What story did Jesus weave for His disciples on the road to Emmaus? I wish I could have heard Him in person, because I imagine His instructions were much better than my attempt. But I believe He hit on the themes that follow in this chapter, the pictures of Him throughout the Old Testament that had many watchful for Him when He arrived in person in the New Testament. As Philip announced to Nathanael, “We have found him of whom Moses in the Law and also the prophets wrote, Jesus of Nazareth, the son of Joseph” (John 1:45).
The phrase “scarlet thread” comes from Israelite spies’ interactions with the prostitute Rahab in Joshua 2:18 (nasb).  The    spies instructed Rahab to put a scarlet cord, or thread, in her window so the Israelites wouldn’t attack her and her family during the destruction of Jericho. Did the color of the cord reflect the blood of Jesus? The Bible does not say exactly, but the general situation reminds us of God’s wrath sparing the Israelites in Egypt who had the mark of blood on their doorposts at the first Passover, which was certainly a reference to Jesus’s shedding of blood on the cross. When pastors or teachers refer to the scarlet thread in the Bible, the color scarlet reflects the color of Jesus’s blood, and the concept of thread reflects the way the blood weaves itself through the stories of the Old Testament to form the fabric of understanding of what that blood would accomplish for us in the New.

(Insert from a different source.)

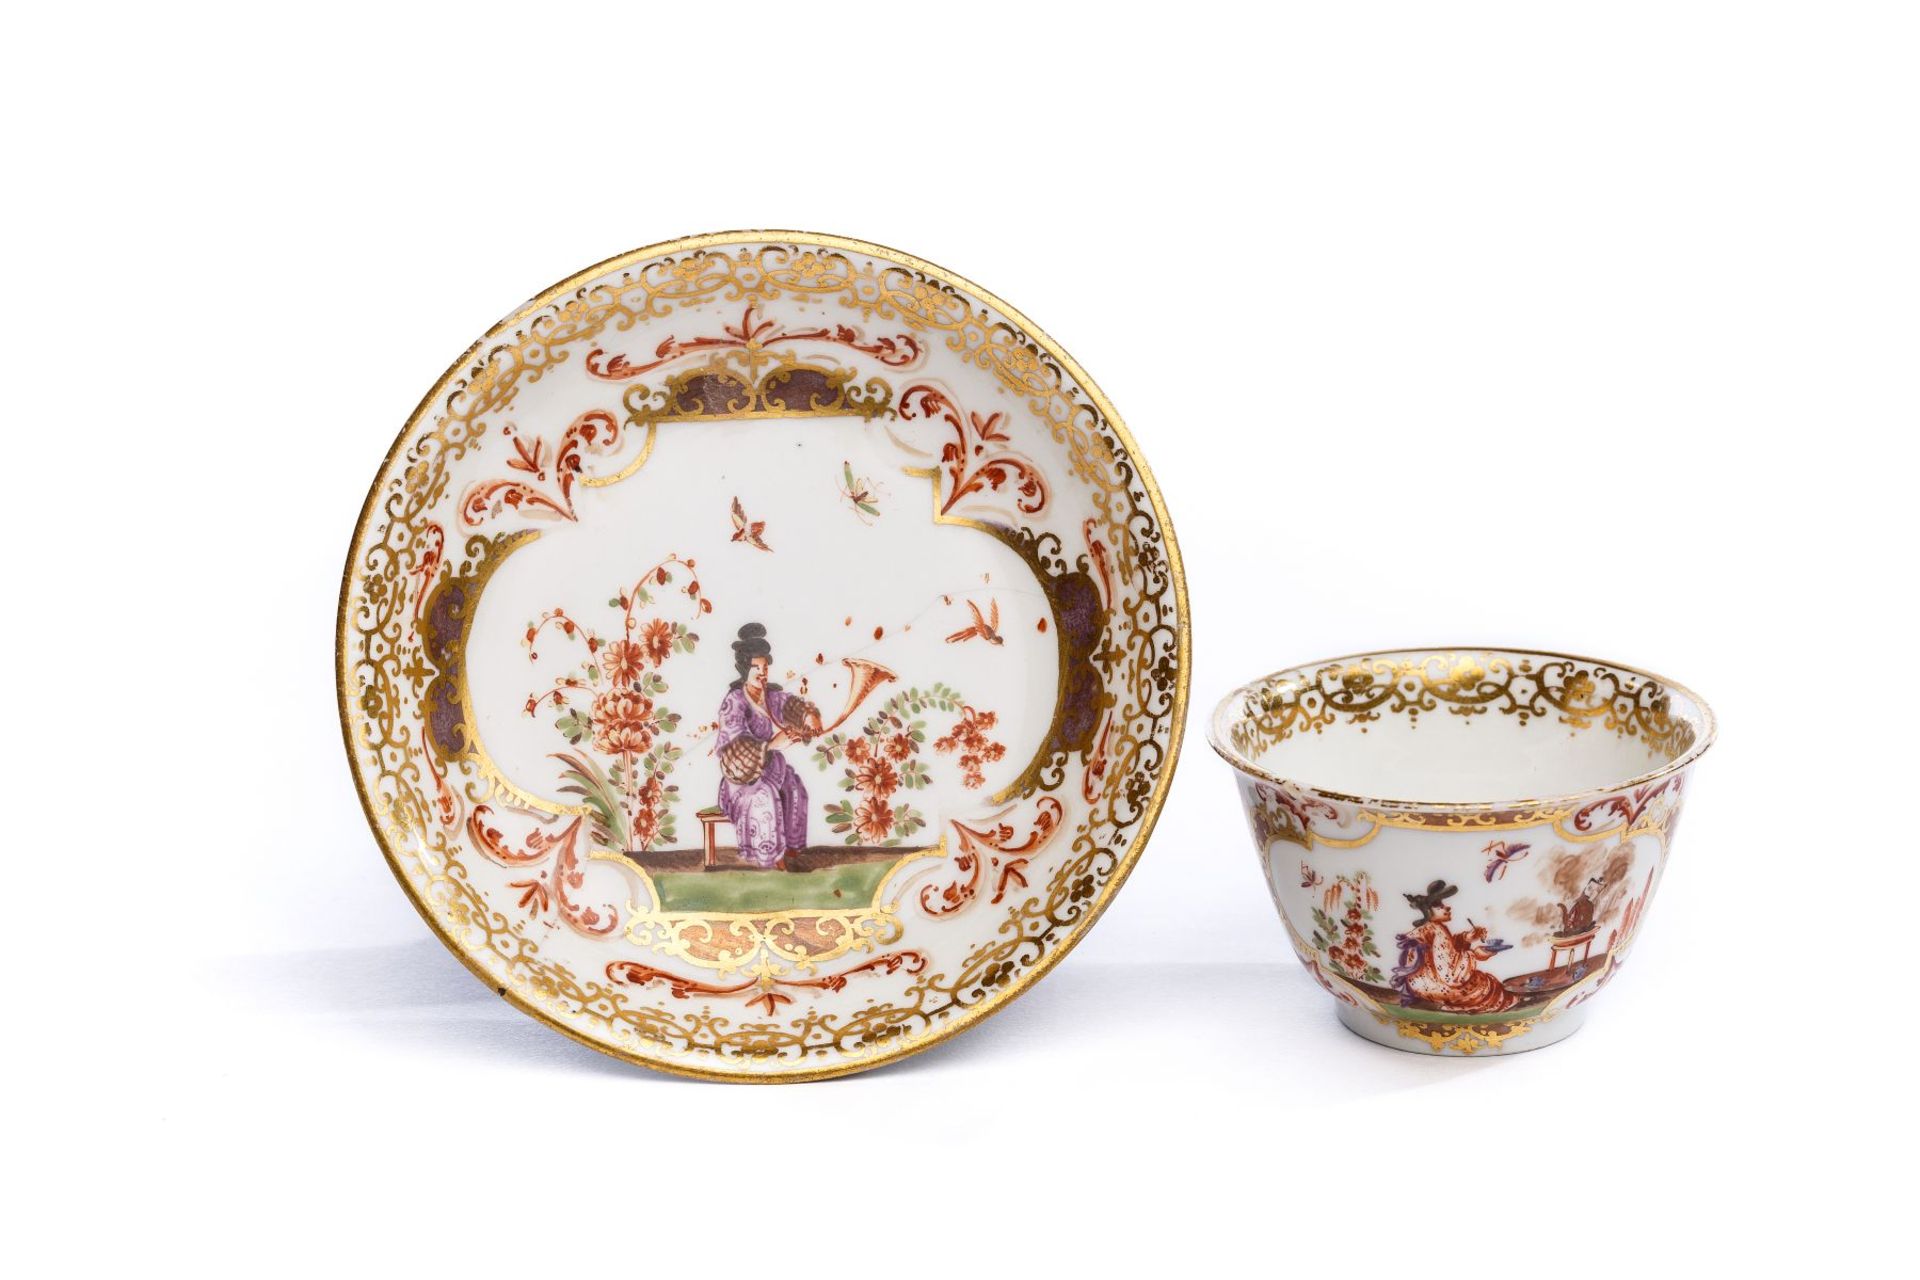 Bowl with Saucer, Meissen 1725

As we walk through this theme of Scripture, it is easy to get bogged down in the details. It may help to think of this chapter as a prerequisite class for a course of study that inspires you. The prerequisites can feel like a burden that you want to get through quickly to get to the good stuff. But a really good prerequisite class gives foundational material you will need later. That is what this chapter does, and I hope you will persevere through this foundation, because what you learn here will form the basis on which we build the rest of the book. (I promise, we’ll get back to women and the Bible shortly!)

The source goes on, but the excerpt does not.